Engineering hydrogel viscoelasticity.

The aim of this study was to identify a method for modifying the time-dependent viscoelastic properties of gels without altering the elastic component. To this end, two hydrogels commonly used in biomedical applications, agarose and acrylamide, were prepared in aqueous solutions of dextran with increasing concentrations (0%, 2% and 5% w/v) and hence increasing viscosities. Commercial polyurethane sponges soaked in the same solutions were used as controls, since, unlike in hydrogels, the liquid in these sponge systems is poorly bound to the polymer network. Sample viscoelastic properties were characterised using the epsilon-dot method, based on compression tests at different constant strain-rates. Experimental data were fitted to a standard linear solid model. While increasing the liquid viscosity in the controls resulted in a significant increase of the characteristic relaxation time (τ), both the instantaneous (Einst) and the equilibrium (Eeq) elastic moduli remained almost constant.

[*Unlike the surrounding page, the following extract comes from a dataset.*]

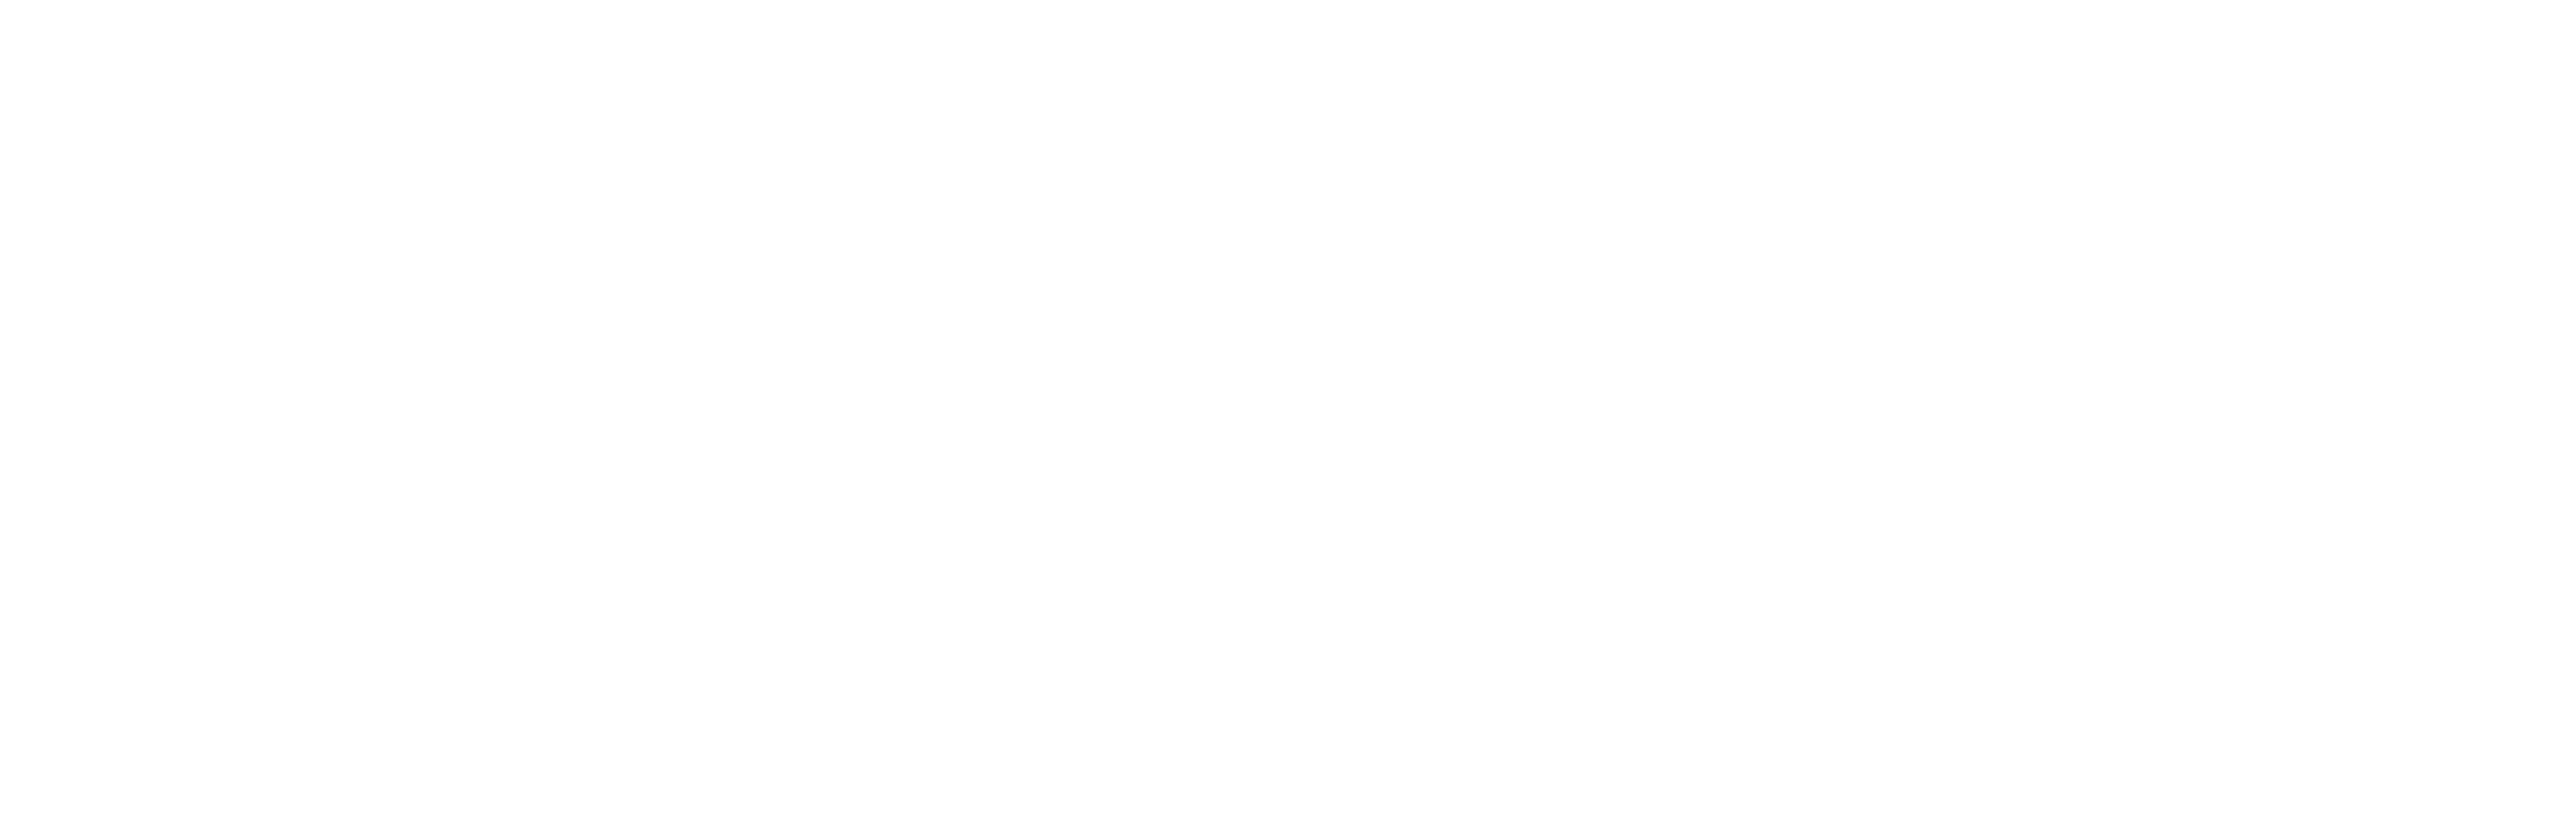 Logo institucional de Loris Malaguzzi

However, in the hydrogels a significant reduction of both Einst and τ was observed. On the other hand, as expected, Eeq - an indicator of the equilibrium elastic behaviour after the occurrence of viscoelastic relaxation dynamics - was found to be independent of the liquid phase viscosity. Therefore, although the elastic and viscous components of hydrogels cannot be completely decoupled due to the interaction of the liquid and solid phases, we show that their viscoelastic behaviour can be modulated by varying the viscosity of the aqueous phase. This simple-yet-effective strategy could be useful in the field of mechanobiology, particularly for studying cell response to substrate viscoelasticity while keeping the elastic cue (i.e. equilibrium modulus, or quasi-static stiffness) constant.